Recorded data:
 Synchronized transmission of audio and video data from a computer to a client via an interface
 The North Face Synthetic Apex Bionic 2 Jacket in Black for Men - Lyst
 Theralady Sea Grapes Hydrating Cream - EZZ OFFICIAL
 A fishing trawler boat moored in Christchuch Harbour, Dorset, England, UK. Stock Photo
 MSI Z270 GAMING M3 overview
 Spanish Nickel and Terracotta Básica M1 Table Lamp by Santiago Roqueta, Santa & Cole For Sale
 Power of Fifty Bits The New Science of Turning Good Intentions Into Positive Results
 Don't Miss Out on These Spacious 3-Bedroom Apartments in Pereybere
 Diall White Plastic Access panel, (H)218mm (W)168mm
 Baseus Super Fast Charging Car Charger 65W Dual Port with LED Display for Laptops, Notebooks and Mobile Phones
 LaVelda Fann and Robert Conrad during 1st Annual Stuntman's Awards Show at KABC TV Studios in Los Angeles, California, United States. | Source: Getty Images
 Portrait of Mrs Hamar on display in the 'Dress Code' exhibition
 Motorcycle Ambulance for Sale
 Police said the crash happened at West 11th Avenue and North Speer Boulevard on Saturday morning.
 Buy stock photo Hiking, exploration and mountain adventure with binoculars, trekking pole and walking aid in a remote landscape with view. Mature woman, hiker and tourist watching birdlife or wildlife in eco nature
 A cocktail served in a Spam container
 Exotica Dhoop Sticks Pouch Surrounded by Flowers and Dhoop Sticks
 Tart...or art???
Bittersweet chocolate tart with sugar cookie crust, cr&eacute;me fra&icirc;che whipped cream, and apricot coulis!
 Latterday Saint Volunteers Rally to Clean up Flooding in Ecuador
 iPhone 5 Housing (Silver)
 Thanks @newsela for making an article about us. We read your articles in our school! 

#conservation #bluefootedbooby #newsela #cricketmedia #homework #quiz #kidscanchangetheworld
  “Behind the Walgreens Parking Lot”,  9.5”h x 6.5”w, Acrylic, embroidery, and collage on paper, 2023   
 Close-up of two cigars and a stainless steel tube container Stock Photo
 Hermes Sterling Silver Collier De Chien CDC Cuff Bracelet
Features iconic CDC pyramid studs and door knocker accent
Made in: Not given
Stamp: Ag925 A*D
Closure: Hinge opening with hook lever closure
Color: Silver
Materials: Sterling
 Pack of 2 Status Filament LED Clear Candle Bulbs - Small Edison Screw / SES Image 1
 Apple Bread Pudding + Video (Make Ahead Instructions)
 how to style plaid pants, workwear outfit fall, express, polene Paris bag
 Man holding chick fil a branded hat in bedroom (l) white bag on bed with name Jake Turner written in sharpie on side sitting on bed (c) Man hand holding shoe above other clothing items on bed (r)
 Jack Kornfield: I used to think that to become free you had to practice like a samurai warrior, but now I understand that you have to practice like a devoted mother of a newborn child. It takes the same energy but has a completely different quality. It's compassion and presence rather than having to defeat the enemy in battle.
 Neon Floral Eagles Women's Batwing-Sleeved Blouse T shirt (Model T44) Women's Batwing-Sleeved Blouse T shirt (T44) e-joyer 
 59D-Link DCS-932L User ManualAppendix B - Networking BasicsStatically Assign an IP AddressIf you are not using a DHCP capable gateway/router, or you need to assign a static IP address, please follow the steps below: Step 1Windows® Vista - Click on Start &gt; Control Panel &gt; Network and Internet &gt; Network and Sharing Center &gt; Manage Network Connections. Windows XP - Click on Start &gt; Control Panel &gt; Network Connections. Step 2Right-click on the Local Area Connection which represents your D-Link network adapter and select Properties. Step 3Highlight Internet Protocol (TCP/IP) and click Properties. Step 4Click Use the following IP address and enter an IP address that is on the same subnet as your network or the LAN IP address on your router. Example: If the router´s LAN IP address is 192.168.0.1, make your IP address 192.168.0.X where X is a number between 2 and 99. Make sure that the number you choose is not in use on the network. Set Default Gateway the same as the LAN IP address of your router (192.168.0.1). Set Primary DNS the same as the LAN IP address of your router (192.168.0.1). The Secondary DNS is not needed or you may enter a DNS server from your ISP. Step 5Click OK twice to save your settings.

> [WORK TASK]: The lines from the top of the data above down to the line containing "Close-up of two" are to be copied exactly; no other line should appear.

> [SOLVED PROBLEM]:
 Synchronized transmission of audio and video data from a computer to a client via an interface
 The North Face Synthetic Apex Bionic 2 Jacket in Black for Men - Lyst
 Theralady Sea Grapes Hydrating Cream - EZZ OFFICIAL
 A fishing trawler boat moored in Christchuch Harbour, Dorset, England, UK. Stock Photo
 MSI Z270 GAMING M3 overview
 Spanish Nickel and Terracotta Básica M1 Table Lamp by Santiago Roqueta, Santa & Cole For Sale
 Power of Fifty Bits The New Science of Turning Good Intentions Into Positive Results
 Don't Miss Out on These Spacious 3-Bedroom Apartments in Pereybere
 Diall White Plastic Access panel, (H)218mm (W)168mm
 Baseus Super Fast Charging Car Charger 65W Dual Port with LED Display for Laptops, Notebooks and Mobile Phones
 LaVelda Fann and Robert Conrad during 1st Annual Stuntman's Awards Show at KABC TV Studios in Los Angeles, California, United States. | Source: Getty Images
 Portrait of Mrs Hamar on display in the 'Dress Code' exhibition
 Motorcycle Ambulance for Sale
 Police said the crash happened at West 11th Avenue and North Speer Boulevard on Saturday morning.
 Buy stock photo Hiking, exploration and mountain adventure with binoculars, trekking pole and walking aid in a remote landscape with view. Mature woman, hiker and tourist watching birdlife or wildlife in eco nature
 A cocktail served in a Spam container
 Exotica Dhoop Sticks Pouch Surrounded by Flowers and Dhoop Sticks
 Tart...or art???
Bittersweet chocolate tart with sugar cookie crust, cr&eacute;me fra&icirc;che whipped cream, and apricot coulis!
 Latterday Saint Volunteers Rally to Clean up Flooding in Ecuador
 iPhone 5 Housing (Silver)
 Thanks @newsela for making an article about us. We read your articles in our school! 

#conservation #bluefootedbooby #newsela #cricketmedia #homework #quiz #kidscanchangetheworld
  “Behind the Walgreens Parking Lot”,  9.5”h x 6.5”w, Acrylic, embroidery, and collage on paper, 2023   
 Close-up of two cigars and a stainless steel tube container Stock Photo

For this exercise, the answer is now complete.